Saturday of Week 22 of Ordinary Time – First Reading

Commentary on Colossians 1:21-23

This brief reading follows immediately on the triumphant hymn in praise of Christ, head of all creation and head of his body, the Church (see Col 1:15-20).

Having said that Christ had reconciled the whole world to himself and brought peace by his death on the cross, Paul reminds the Colossians that they themselves have experienced the reconciling effect of Christ’s death, and appeals to them to adhere firmly to him as their only mediator with God:

And you who were once estranged and hostile in mind, doing evil deeds, he has now reconciled in his fleshly body through death, so as to present you holy and blameless and irreproachable before him…

Paul rejoices that the Colossians are among those who, once alienated from God by a pagan and sinful life, have now been reconciled and united with him through the death of Jesus.
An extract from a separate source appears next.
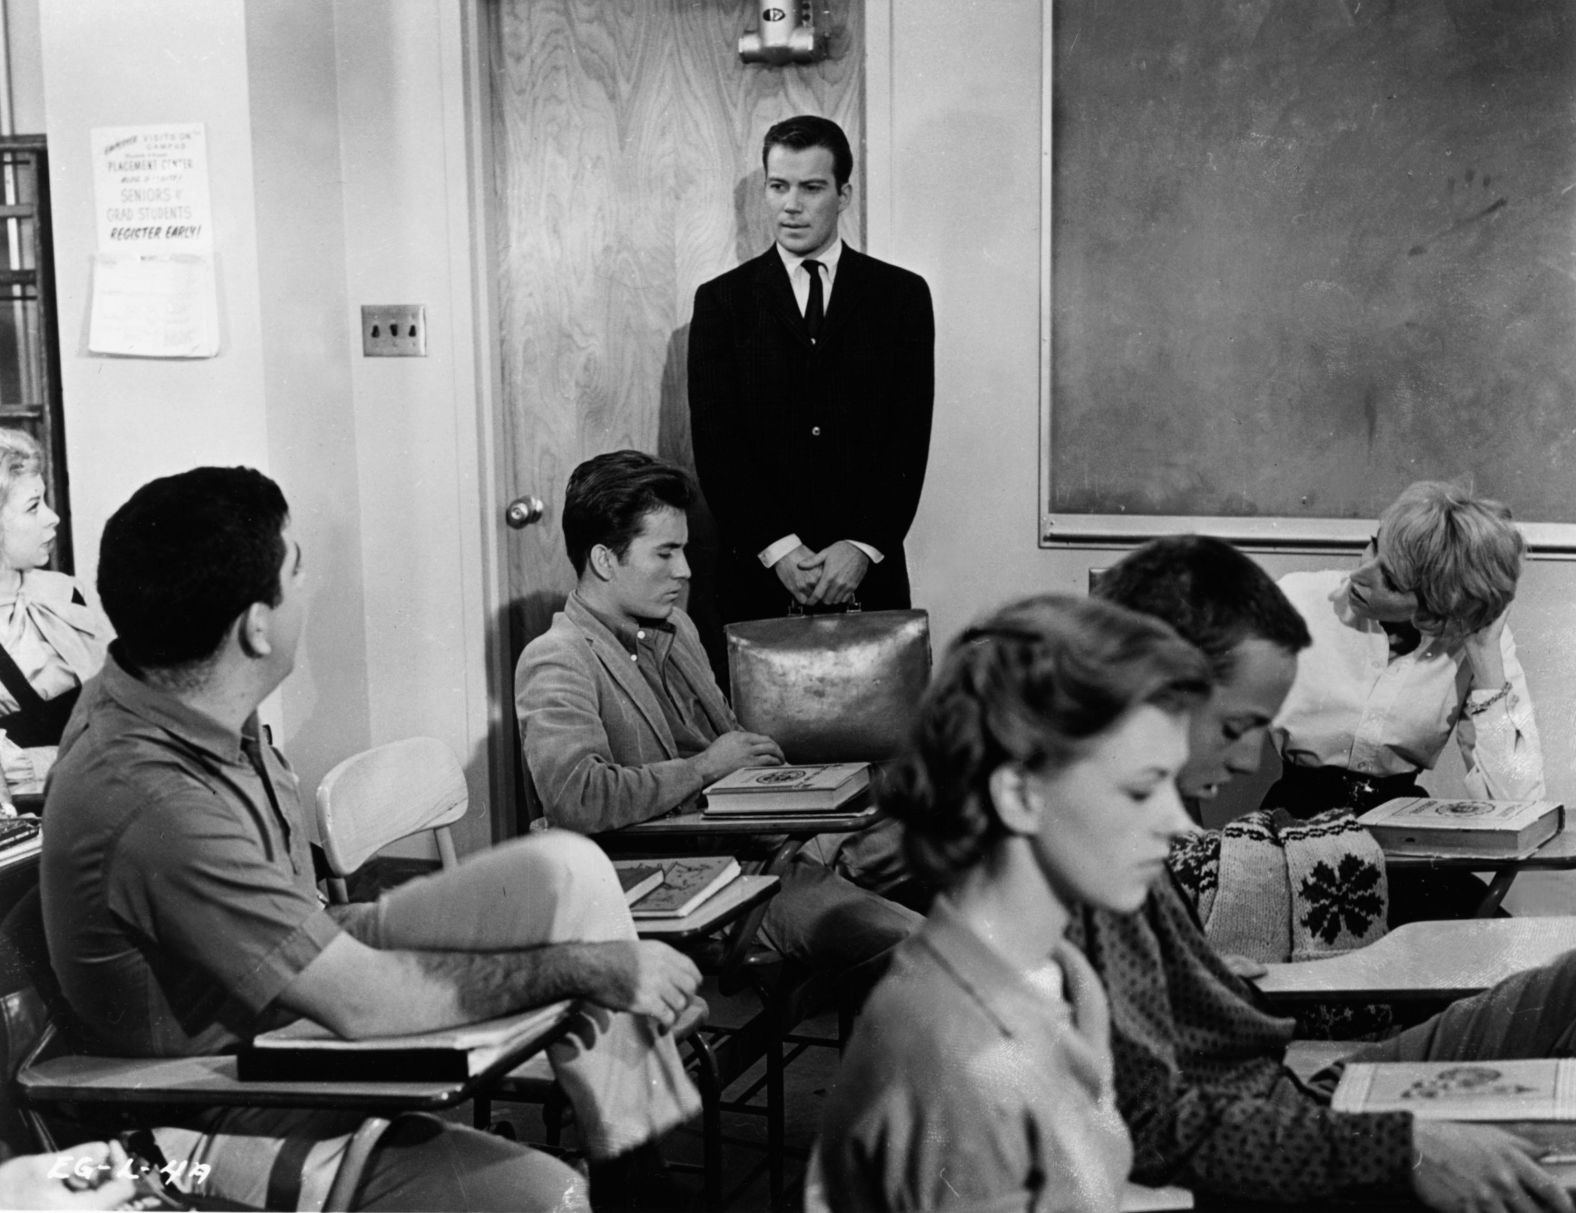 Shatner plays a teacher in the 1961 movie "The Explosive Generation." It was one of his earliest film roles.

The “fleshly body” is that of his Son. This provides the locus where reconciliation takes place. Into this body the entire human race is effectively gathered. This is beautifully put in the Letter to the Ephesians where it says that Jesus, through his death, broke down the divisions and brought peace and reconciliation between Jews and Gentiles, creating a single new Person (see Eph 2:14). This work has to continue between peoples everywhere. Our world today is riven with divisions.

This state of peace and reconciliation will only continue:

provided that you continue securely established and steadfast in the faith…
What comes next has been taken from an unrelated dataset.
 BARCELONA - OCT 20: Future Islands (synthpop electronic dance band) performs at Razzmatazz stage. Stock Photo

They can now stand before God “holy and blameless and irreproachable”, provided they remain true to the foundation of their faith and keep close to the hope engendered by the Gospel message. It is a message that is extended to the whole world and Paul is its servant.

We, too, need to remain faithful to the Gospel message we have received through Christ and his Church. We, too, are called, like Paul, to be its servant and to be agents of peace and reconciliation in every area where we discern harmful divisions between peoples and groups. As the popular song says:

Let there be peace on earth and let it begin with me.